В августе 1938 года Трухин успешно окончил Академию Генерального штаба и остался в ее стенах старшим преподавателем кафедры оперативного искусства, читал тактику высших соединений. Заведовал кафедрой известный военный теоретик комбриг Георгий Иссерсон, которого Трухин уважал и ценил. Судьба Иссерсона сложилась драматично: в начале июня 1941 года его арестовали по обвинению в участии в очередном «заговоре». Через полгода ученому вынесли смертный приговор, заменив расстрел десятью годами лагерей.

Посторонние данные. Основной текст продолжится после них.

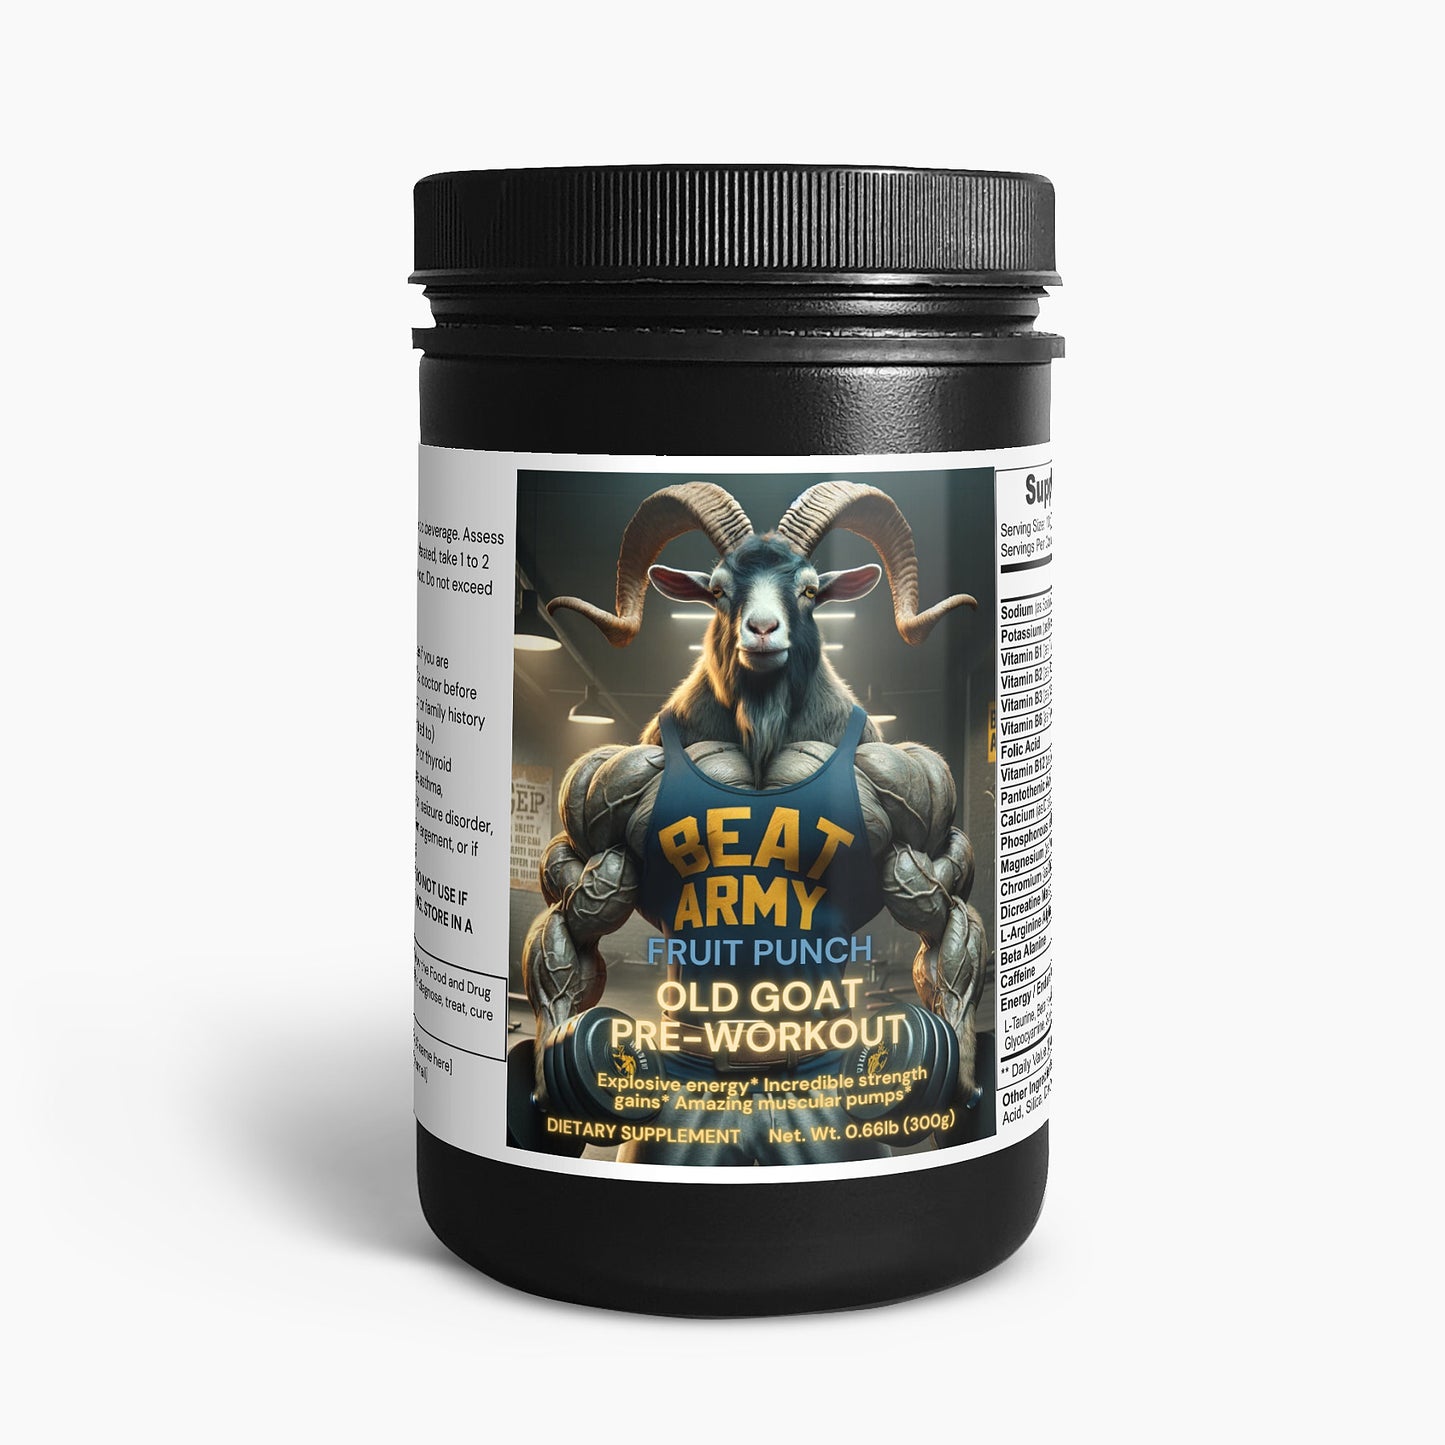 Old Goat Pre-Workout Powder (Fruit Punch)

«Чувствую себя одиноким деревом»
В 1930-е годы командир Красной армии Федор Трухин приезжал в родные места, но близких и знакомых оставалось все меньше. Мать умерла в 1931 году, отец — в 1934-м. Брата Сергея арестовали в 1938-м. В том же году в костромском селе Шахово закрыли памятную с детства Покровскую церковь, куда ходили Трухины, владевшие по соседству небольшой усадьбой Паникарпово. Клириков и активных прихожан местной общины отправили по тюрьмам и лагерям.
По оценкам специалистов, общее количество репрессированных во время «ежовщины» представителей командно-начальствующего состава Красной армии составило 19 106 человек (без кадров ВВС), из них позднее реабилитировали и восстановили в кадрах 9247. Остальные — 9859 человек — стали жертвами репрессий и в большинстве погибли. Повальные аресты и расстрелы тысяч командиров, включая друзей и сослуживцев, сделали Трухина сухим и замкнутым. Его угнетала чудовищная реальность с ее цинизмом и ежедневным приспособленчеством.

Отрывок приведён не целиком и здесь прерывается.